さらに、各スタティックメモリ部113は上述の実施例のようにして形成されるPチャネルポリシリコン薄膜トランジスタQ1,Q3,Q5およびNチャネルポリシリコン薄膜トランジスタQ2,Q4を有し、画素スイッチング素子111から表示画素PXに印加された映像信号VSigを保持する。各接続制御部114はNチャネルポリシリコン薄膜トランジスタQ6およびQ7を有し、表示画素PXおよびスタティックメモリ部113間の電気的な接続を制御するだけでなくスタティックメモリ部113に保持された映像信号の出力極性を制御する極性制御回路を兼ねる。
薄膜トランジスタQ1,Q2は電源端子Vdd(=5V)および電源端子Vss(=0V)間の電源電圧で動作する第1インバータ回路INV1を構成し、薄膜トランジスタQ3,Q4は電源端子Vdd,Vss間の電源電圧で動作する第2インバータINV2を構成する。インバータ回路INV1の出力端は走査線Yを介して制御される薄膜トランジスタQ5を介してインバータ回路INV2の入力端に接続され、インバータ回路INV2の出力端はインバータ回路INV1の入力端に接続される。薄膜トランジスタQ5は、画素スイッチング素子111が走査線Yからの走査信号の立ち上がりにより導通するフレーム期間において導通せず、このフレームの次のフレーム期間において導通する。これにより、少なくとも画素スイッチング素子111が映像信号Vpixを取り込むまで、薄膜トランジスタQ5は非導通状態に維持される。

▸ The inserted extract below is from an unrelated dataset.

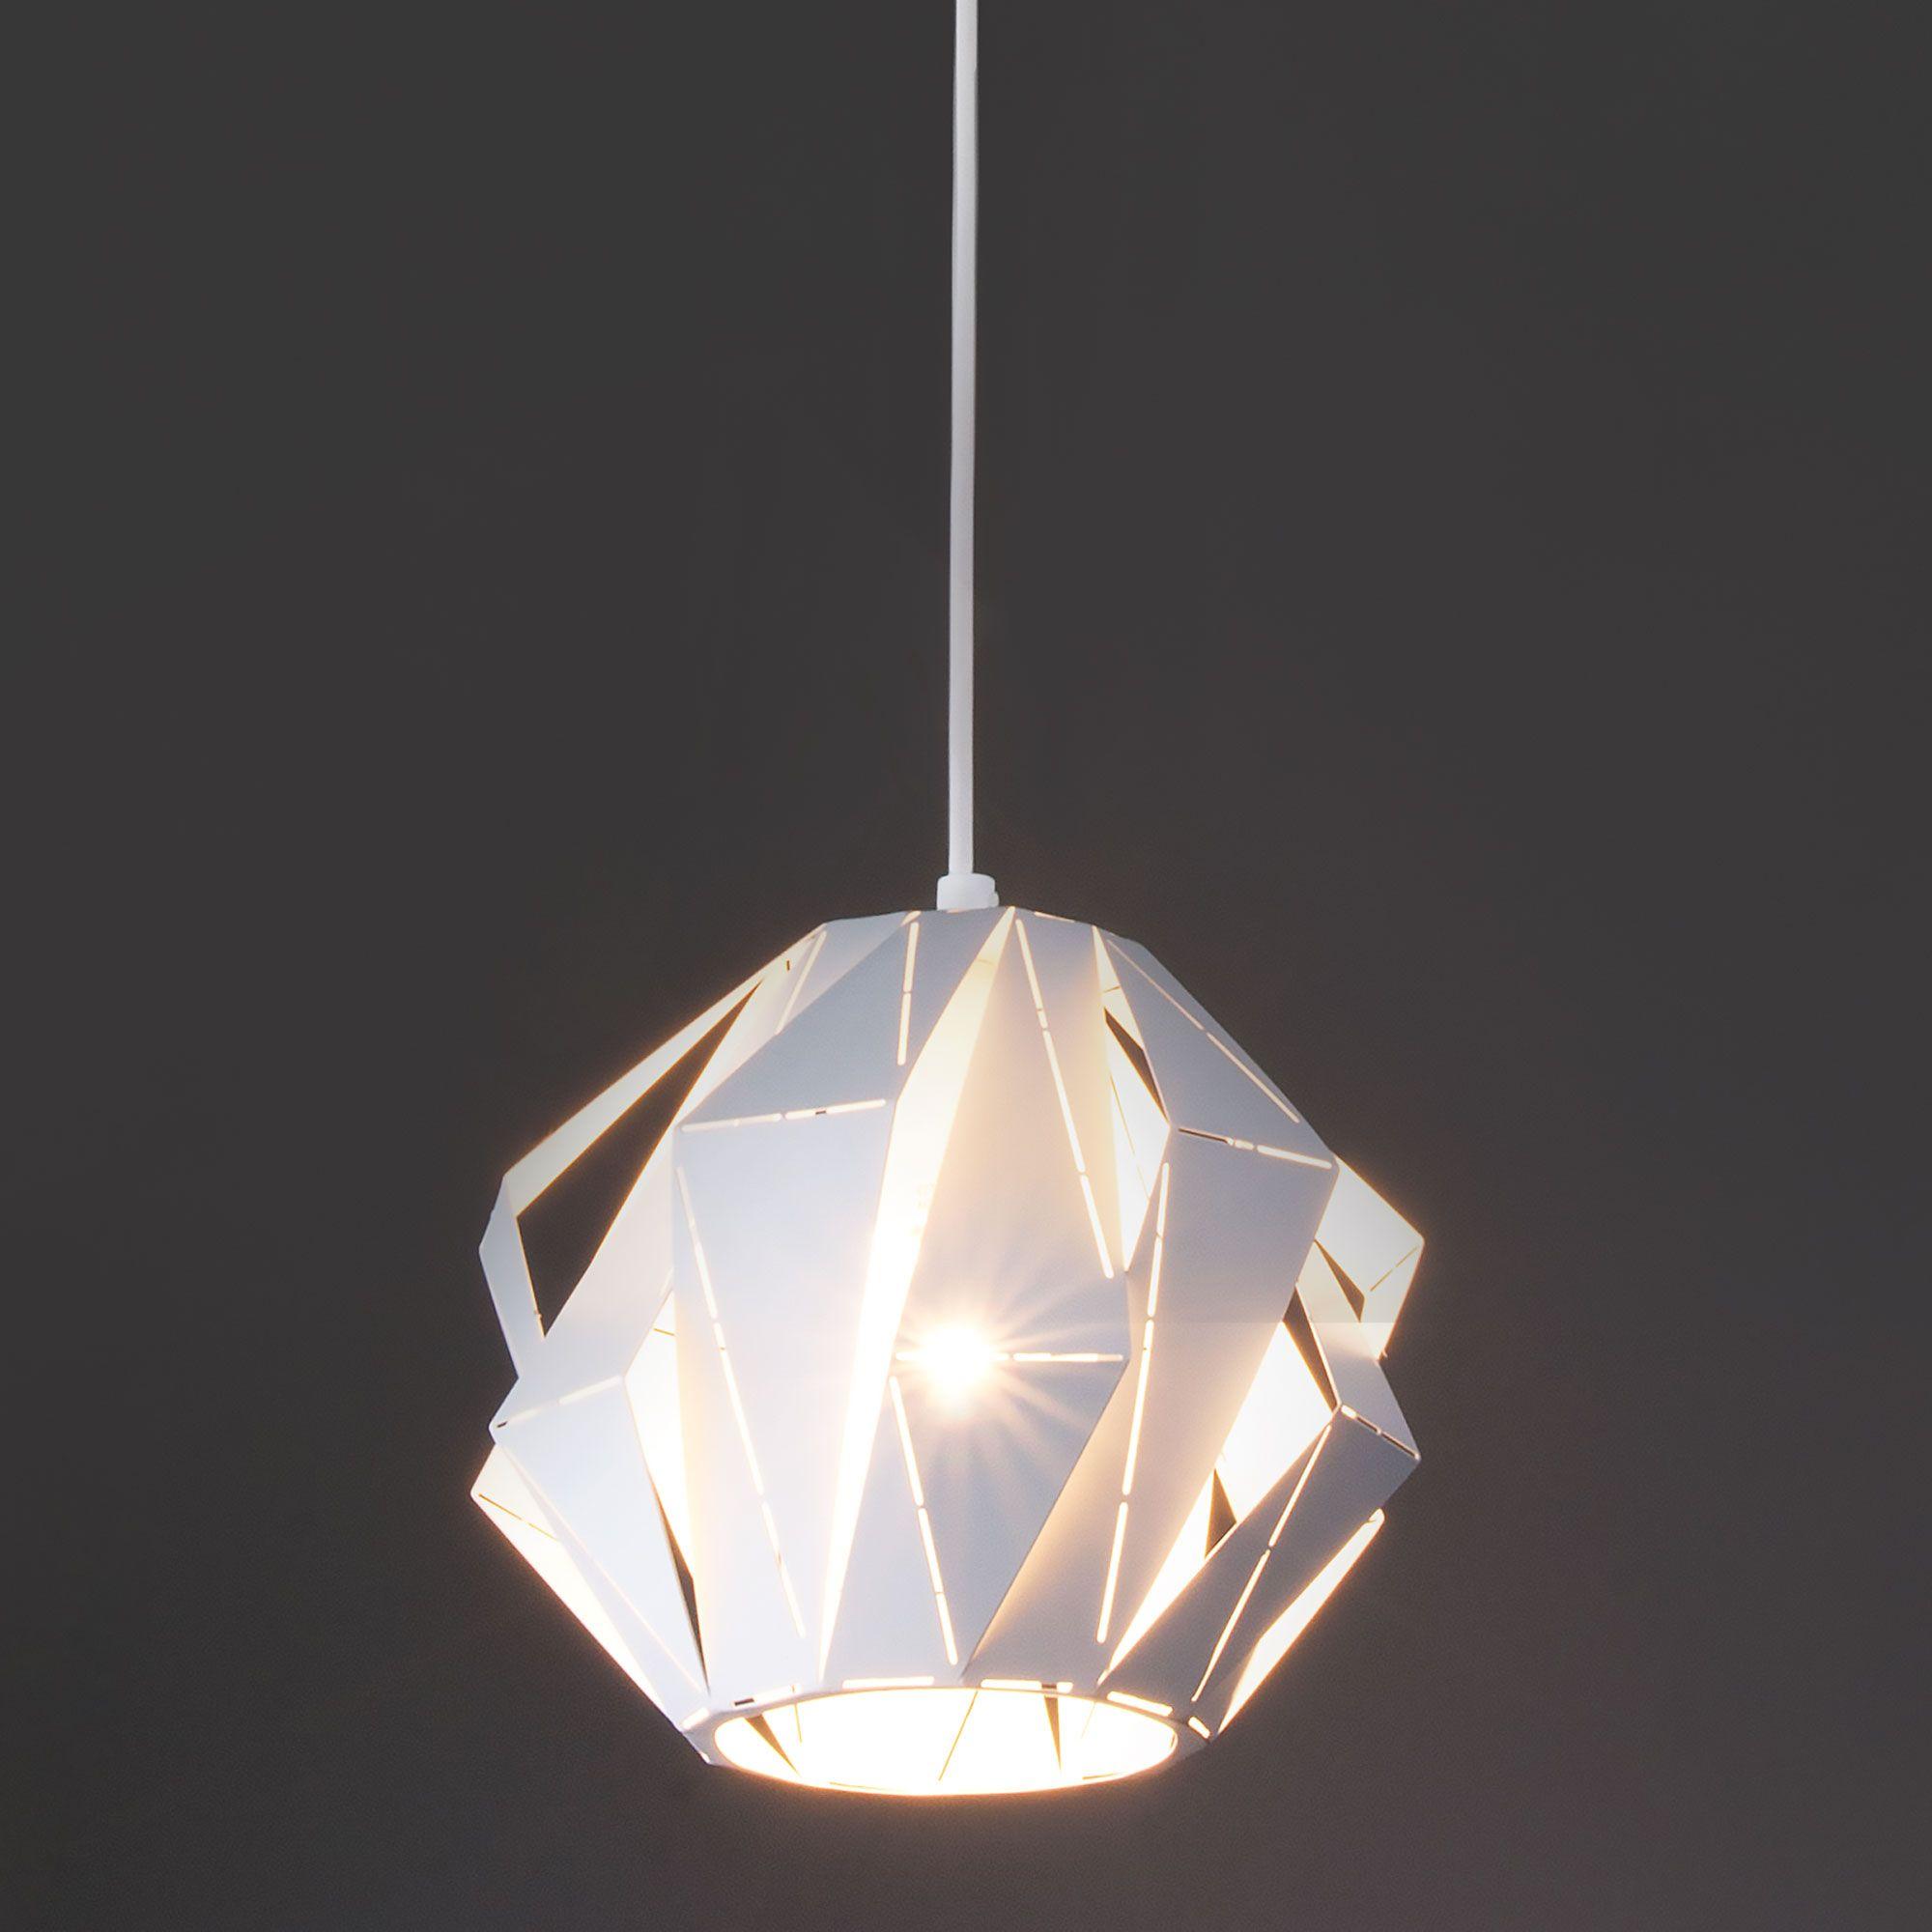 Дизайнерский подвесной светильник лофт 50137/1 белый

薄膜トランジスタQ6およびQ7は静止画表示モードにおいて例えば1フレーム毎に交互に高レベルに設定される極性制御信号POL1およびPOL2によりそれぞれ制御される。薄膜トランジスタQ6は画素電極PEとインバータ回路INV2の入力端並びに薄膜トランジスタQ5を介してインバータ回路INV1の出力端との間に接続され、薄膜トランジスタQ7は画素電極PEとインバータ回路INV1の入力端並びにインバータ回路INV2の出力端との間に接続される。
この液晶表示装置では、走査線駆動回路103、信号線駆動回路104、スタティックメモリ部113、および接続制御部114を画素スイッチング素子111と同一のアレイ基板AR上に配置した駆動回路一体型となっている。ここで、走査線駆動回路103、信号線駆動回路104、スタティックメモリ部113、および接続制御部114は上述の実施例で説明したようなプロセスで一緒に形成される。従って、液晶表示装置の性能と共に生産性も向上できる。また、スタティックメモリ部113を設けたことにより、表示画素PXに対して供給される映像信号を保持する機能を得ることができる。静止画表示モードでは、映像信号がスタティックメモリ部113から表示画素PXに供給されることから、この状態で走査線駆動回路103および信号線駆動回路104をサスペンドさせることにより表示装置全体の消費電力を低減することが可能である。
尚、本発明は上述の実施例に限定されず、その要旨を逸脱しない範囲で様々に変形可能である。
上述の実施例では、ランプとしてキセノンフラッシュランプを用いたが、他のフラッシュランプを用いることも可能である。また、レーザアニールのエネルギー光としてKrFエキシマレーザ(λ=248nm)を用いたが、他に例えばXeCl(λ=308nm)、XeF(λ=351)、ArF(λ=193)、Qスイッチ利用YAG固体グリーンレーザー(λ=532nm)も利用可能である。この場合、酸化膜41は少なくともこれらエネルギー光の波長に対して透過性を有することが必要になる。更に、これらランプアニール、レーザアニールに限らず、高温ガス噴射を用いた対流による急速加熱(擬似RTA)を用いることも可能である。
また、Siのイオン注入に限らず、Geのイオン注入を行うことも可能である。